# Bluebird Battery Door



## Velocipedist Co. (Nov 10, 2016)

I've seen a few of these made already and thought I'd try my hand at it.  As always, I depended on some very helpful advice, borrowed tools, and harbor freight equipment to help get the job done. (Thanks Joe!)




 



Rough cut and hammering into shape using a mallet and sandbag


----------



## Velocipedist Co. (Nov 10, 2016)

Getting close..


----------



## Velocipedist Co. (Nov 10, 2016)




----------



## Velocipedist Co. (Nov 10, 2016)

Last photo shows the completed door with finished edges and tab.


----------



## larock65 (Nov 10, 2016)

Velocipedist Co. said:


> View attachment 381619
> Getting close..



That's Joe's garage! I know that place well!


----------



## mike j (Nov 10, 2016)

Nice job, that crustacean sure has come a long way.


----------



## Velocipedist Co. (Nov 10, 2016)

larock65 said:


> That's Joe's garage! I know that place well!

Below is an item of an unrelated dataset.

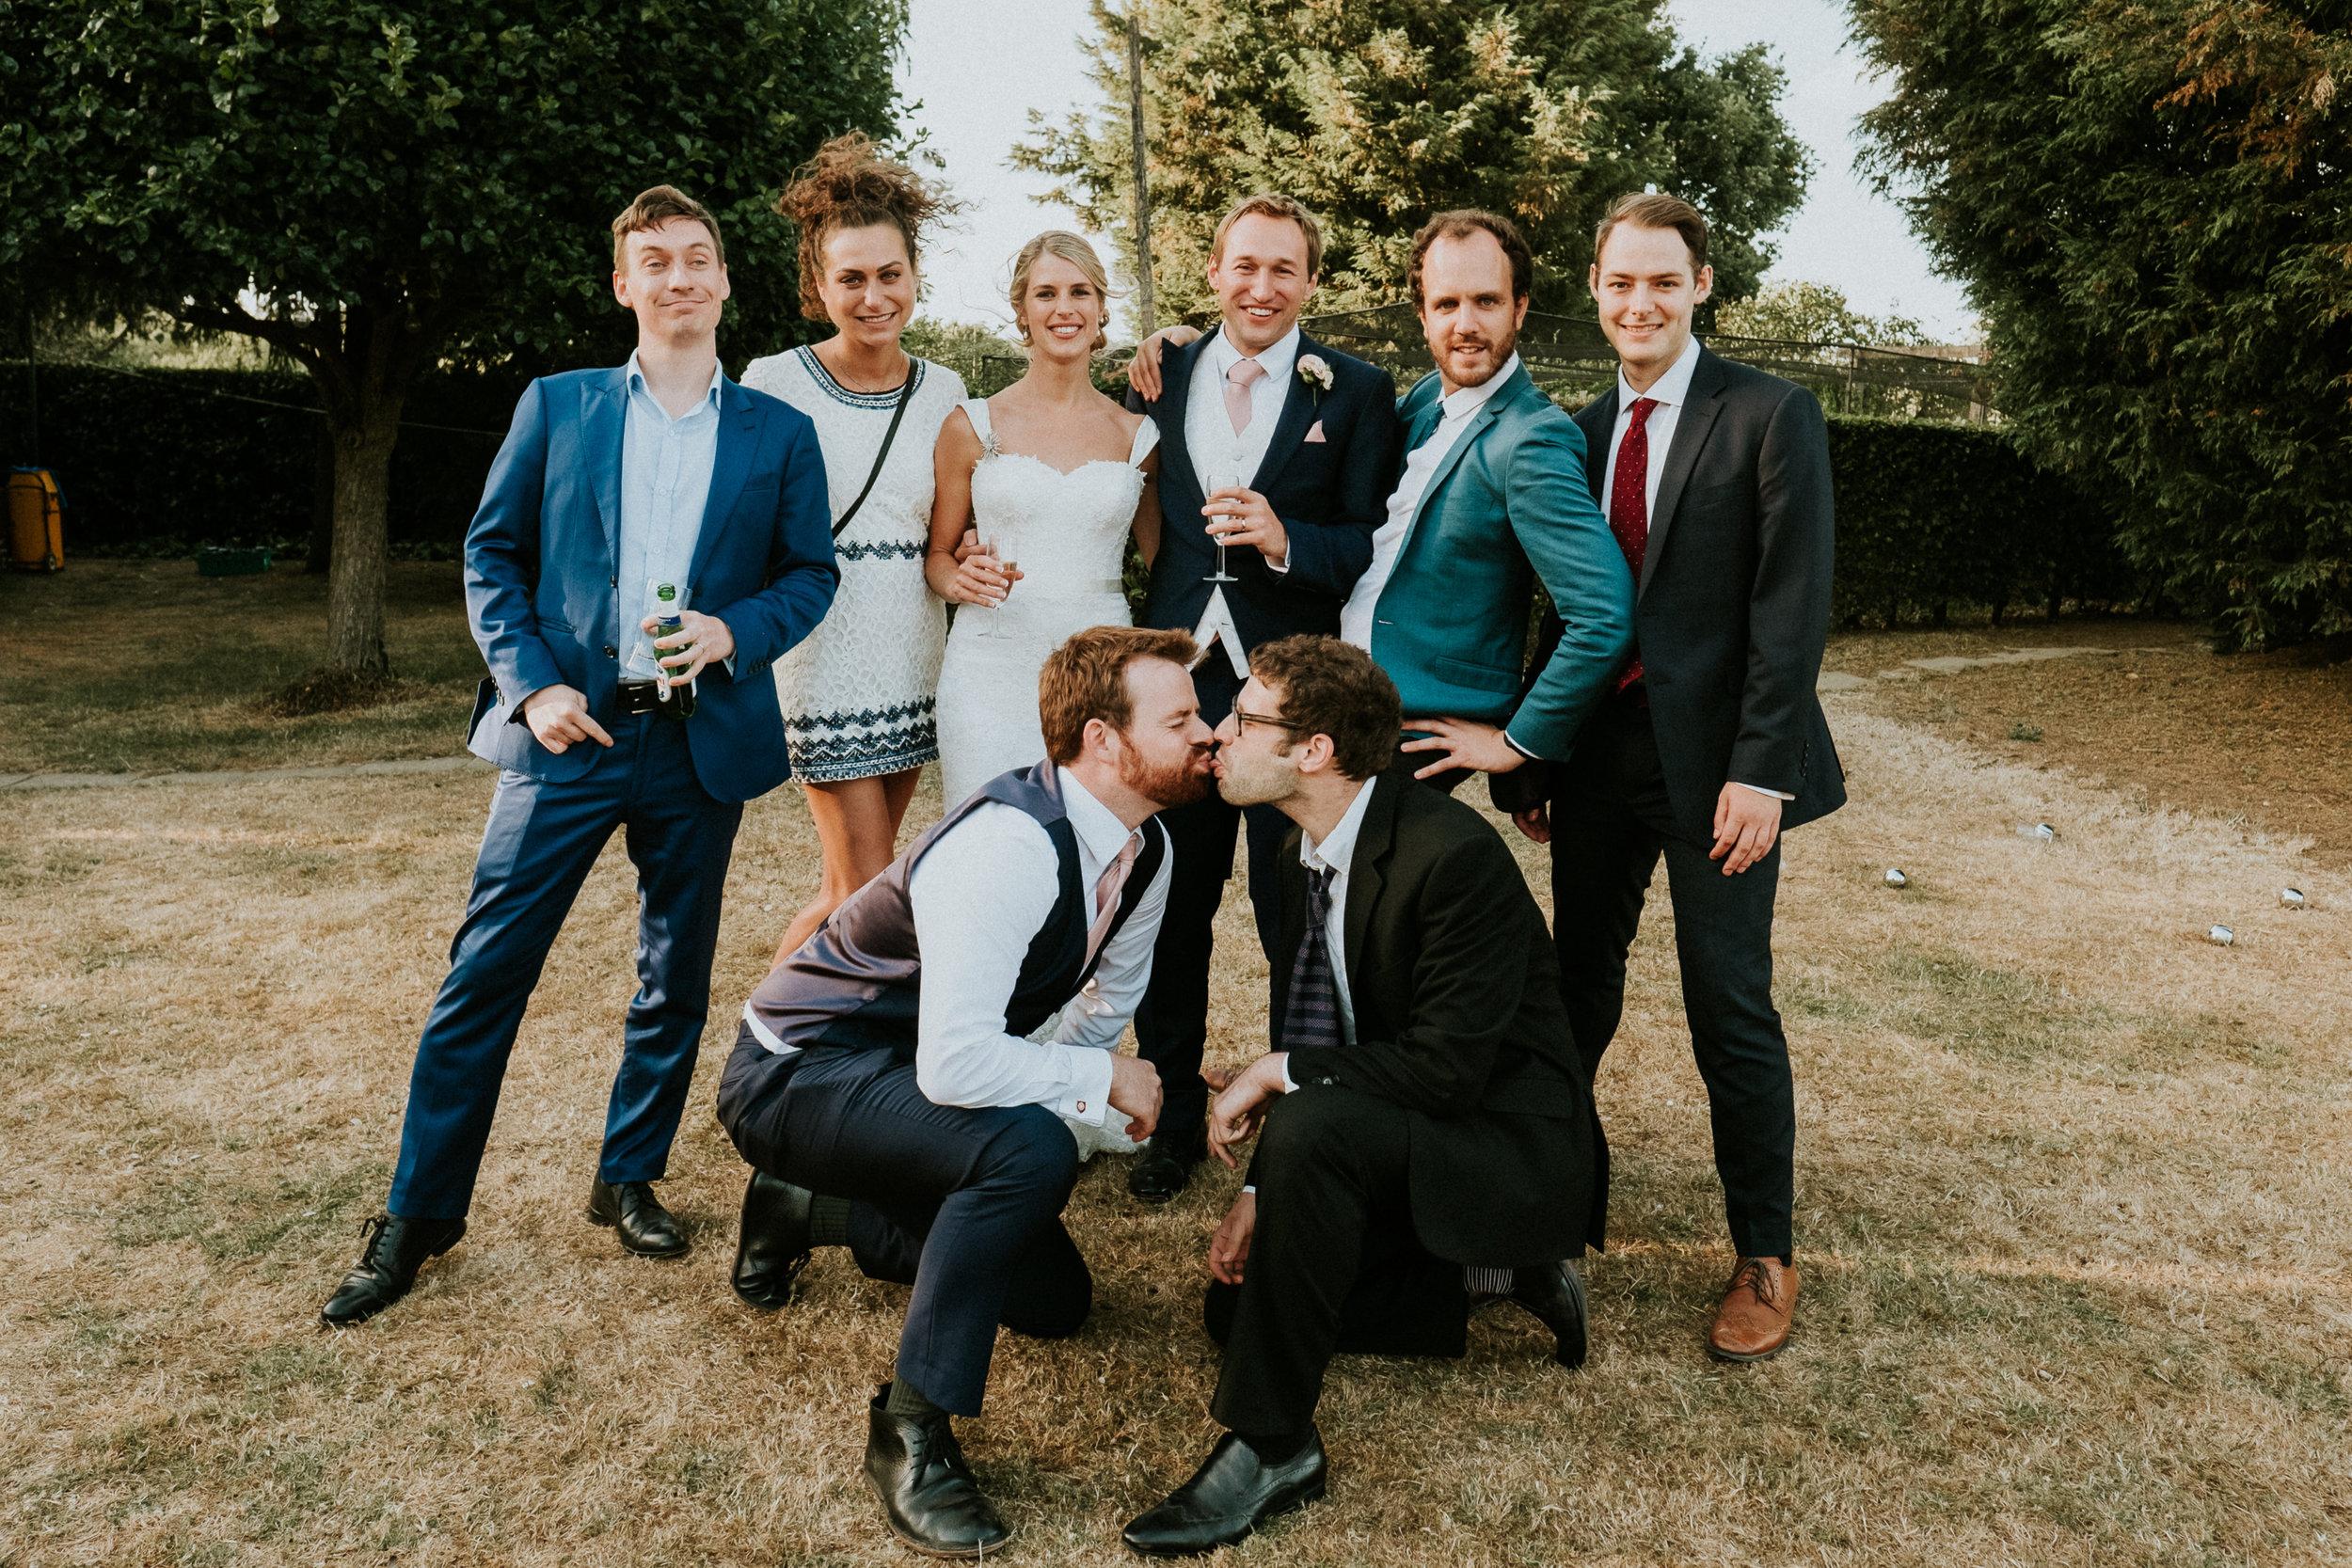 61 Norwood farm wedding photography joanna nicole4.jpg

The first few photos were in fact taken at Joe's garage.  The last few are in my garage.  I'm slowly constructing an exact replica of his garage at my home, complete with metal working tools and a model A roadster!


----------



## Robertriley (Nov 10, 2016)

looks good Steve


----------



## catfish (Nov 10, 2016)

Looks good to me.


----------